Rohini Billakanti scite author profile

Reactive astrogliosis is a pathologic hallmark of spinal cord injury (SCI). It is characterised by profound morphological, molecular, and functional changes in astrocytes that occur within hours of SCI and evolves as time elapses after injury. Astrogliosis is a defense mechanism to minimize and repair the initial damage but eventually leads to some detrimental effects. Reactive astrocytes secrete a plethora of both growth promoting and inhibitory factors after SCI. However, the production of inhibitory components surpasses the growth stimulating factors, thus, causing inhibitory effects. In severe cases of injury, astrogliosis results in the formation of irreversible glial scarring that acts as regeneration barrier due to the expression of inhibitory components such as chondroitin sulfate proteoglycans. Scar formation was therefore recognized from a negative perspective for many years. Accumulating evidence from pharmacological and genetic studies now signifies the importance of astrogliosis and its timing for spinal cord repair. These studies have advanced our knowledge regarding signaling pathways and molecular mediators, which trigger and modulate reactive astrocytes and scar formation.

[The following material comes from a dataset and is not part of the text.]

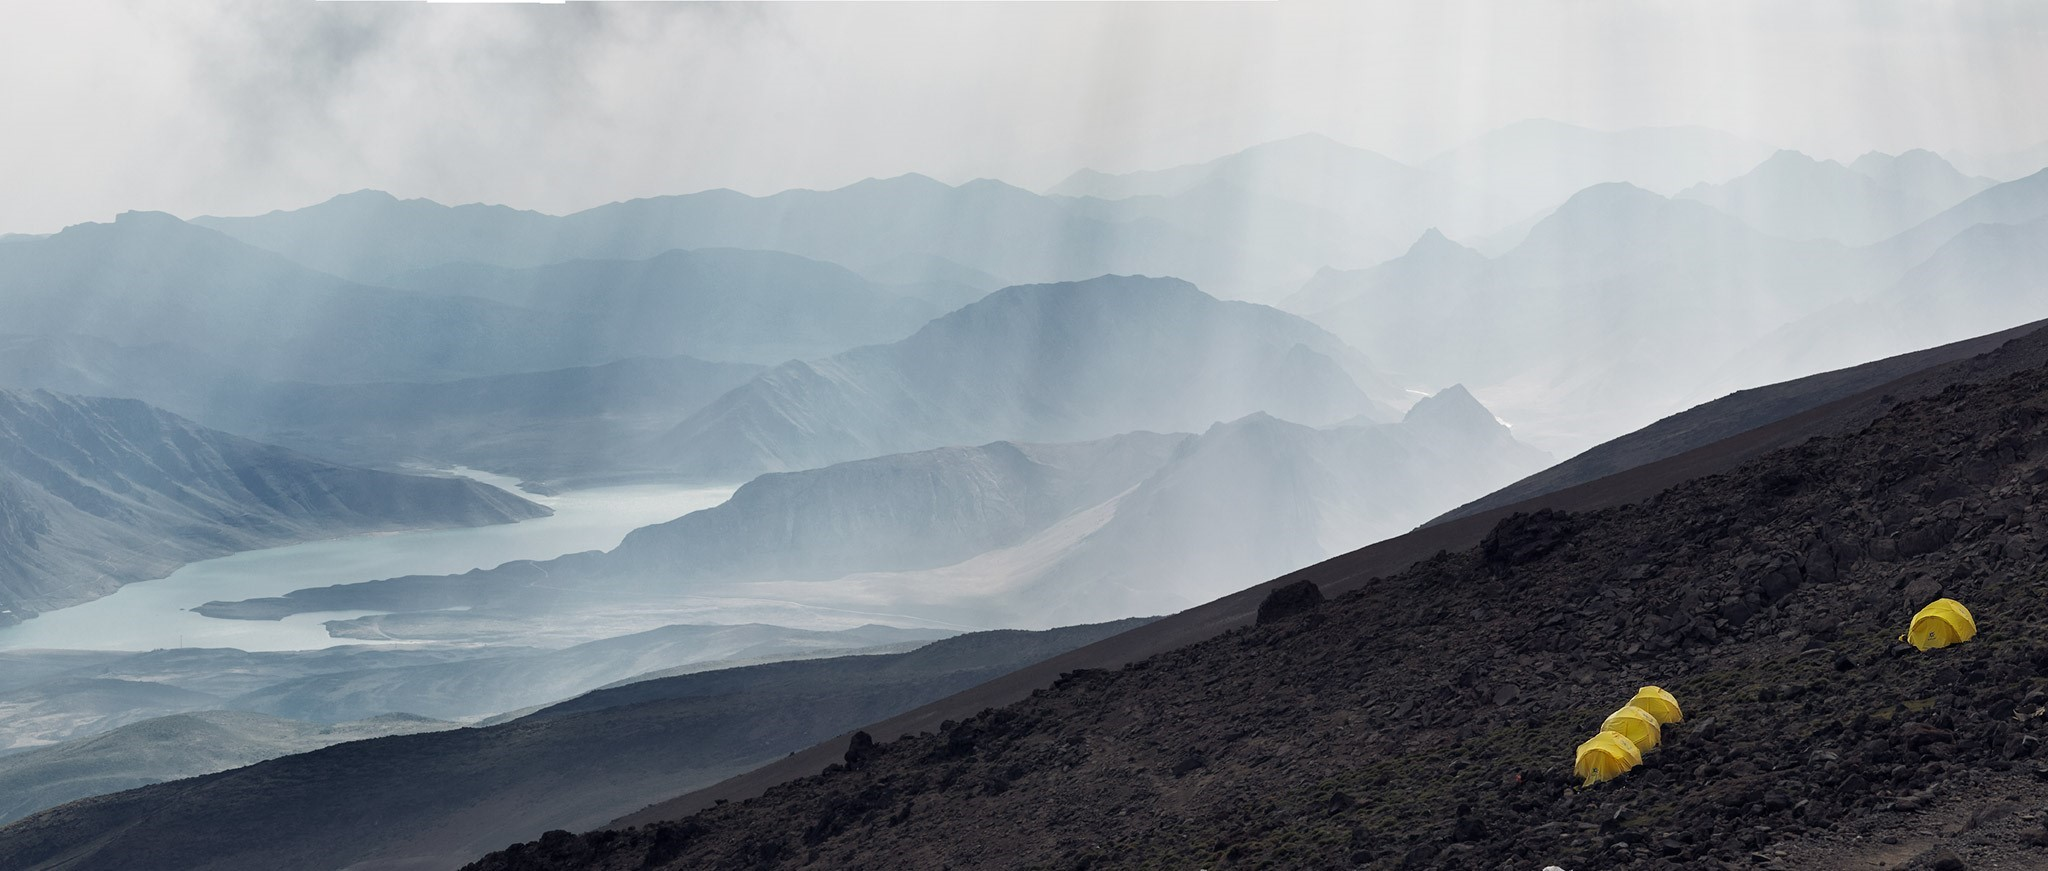 Lar Damn Lake as seen from Mt. Damavand Base Camp (4200m), Iran

In this review, we discuss the recent advances in this field. We also review therapeutic strategies that have been developed to target astrocytes reactivity and glial scaring in the environment of SCI. Astrocytes play pivotal roles in governing SCI mechanisms, and it is therefore crucial to understand how their activities can be targeted efficiently to harness their potential for repair and regeneration after SCI.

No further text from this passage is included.